The federal government runs 2 of the best-known programs.

  • Social Security Disability Insurance (SSDI) is a program of the Social Security Administration (SSA). It pays a monthly cash benefit to people who are unable to work for a year or more because of a disability.
  • Supplemental Security Income (SSI) is another SSA program. Benefits are calculated based on an individual’s financial needs, not the amount of tax that they paid. SSI pays its benefits monthly. This amount may be supplemented by state or local benefits.

What are my rights as a kidney patient if my employer wants me to return to work?

There are laws to protect people with chronic conditions and illnesses from discrimination in the workplace. Your legal rights may be protected by one of the following federal acts.

Americans with Disabilities Act (ADA)

If you work for a company with 15 or more employees, the Americans with Disabilities Act (ADA) requires your employer to make any “reasonable accommodations” that you might need in order to perform your work duties.

Examples include:

  • Making parking lots, bathrooms, and work areas handicapped accessible
  • Allowing you to work from home if possible, in your current role
  • Having flexible work schedules (to schedule around dialysis treatments for example)
  • Designating a sterile area to exchange cleansing fluid bags for PD
  • Reassigning you to a less strenuous job if you request one and one is available
  • Assigning any of your non-essential tasks to other employees, at your request

The Equal Employment Opportunity Commission (EEOC) handles complaints under the ADA.

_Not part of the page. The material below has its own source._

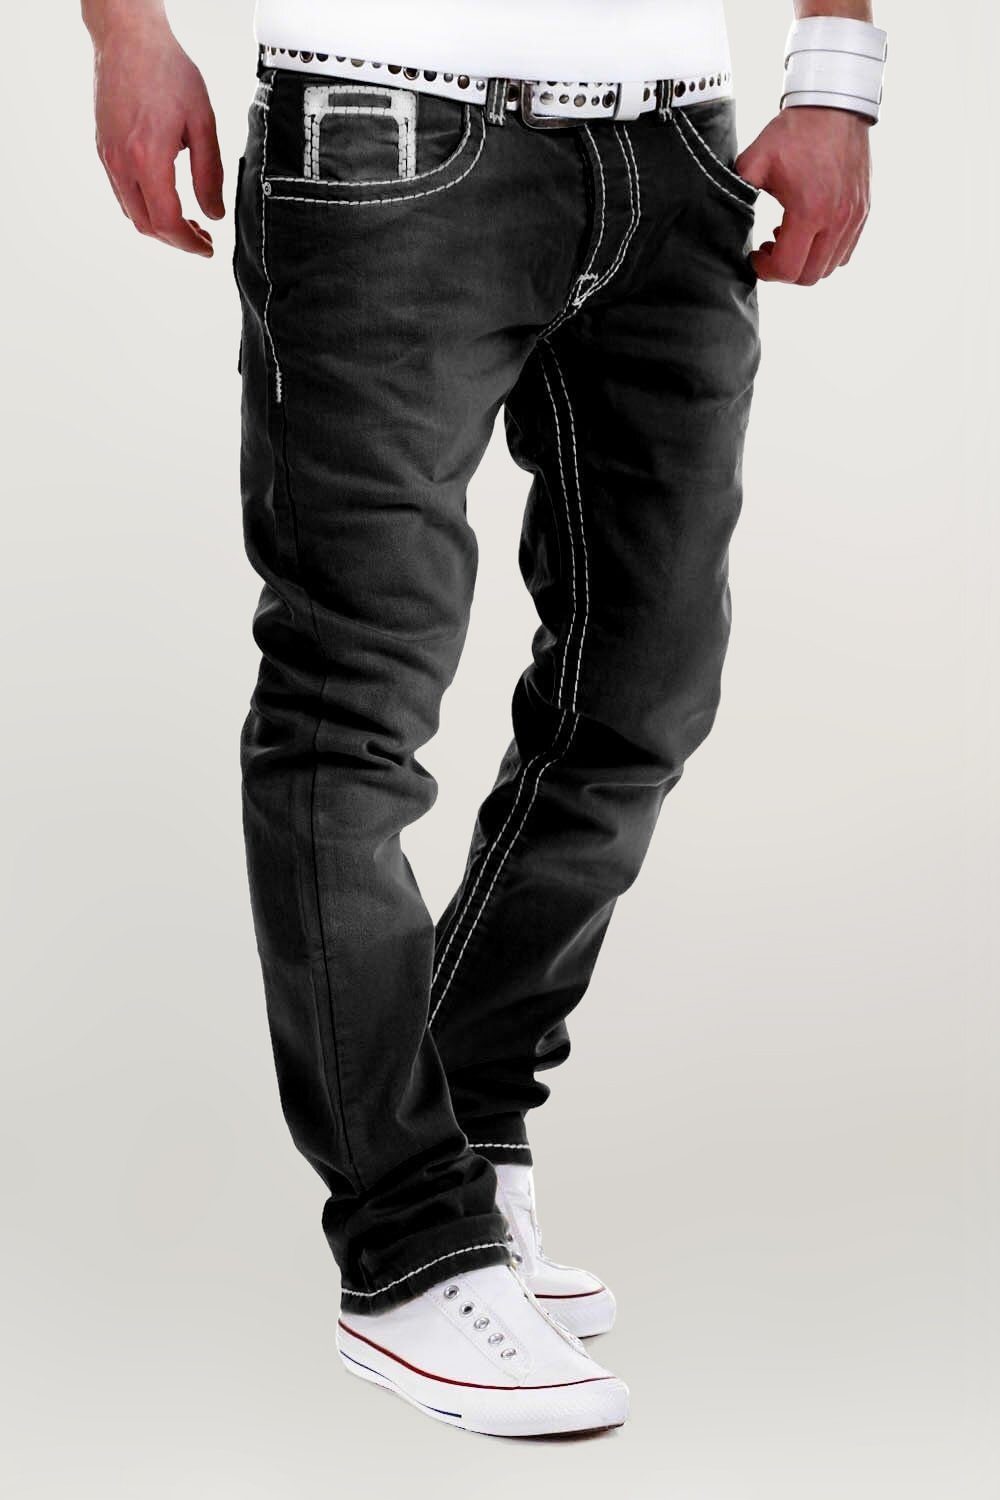 dicken behype mit Kontrastnähten Jeans Stitch schwarz Bequeme

Family and Medical Leave Act (FMLA)

If you work at least 20 weeks of the year for an employer with 50 or more employees, you may qualify for the Family and Medical Leave Act (FMLA). The FMLA allows for 12 weeks of unpaid, job-protected leave for medical reasons.

If you had group health insurance coverage before taking leave, it will continue under the same terms or conditions.

Your employer can ask for medical certification stating that you have a serious illness but cannot punish you for taking leave to have surgery or begin treatment. Your spouse, children, or parents may also be eligible for FMLA leave if you need them to provide you with care or transportation.

The Department of Labor (DOL) handles complaints under FMLA.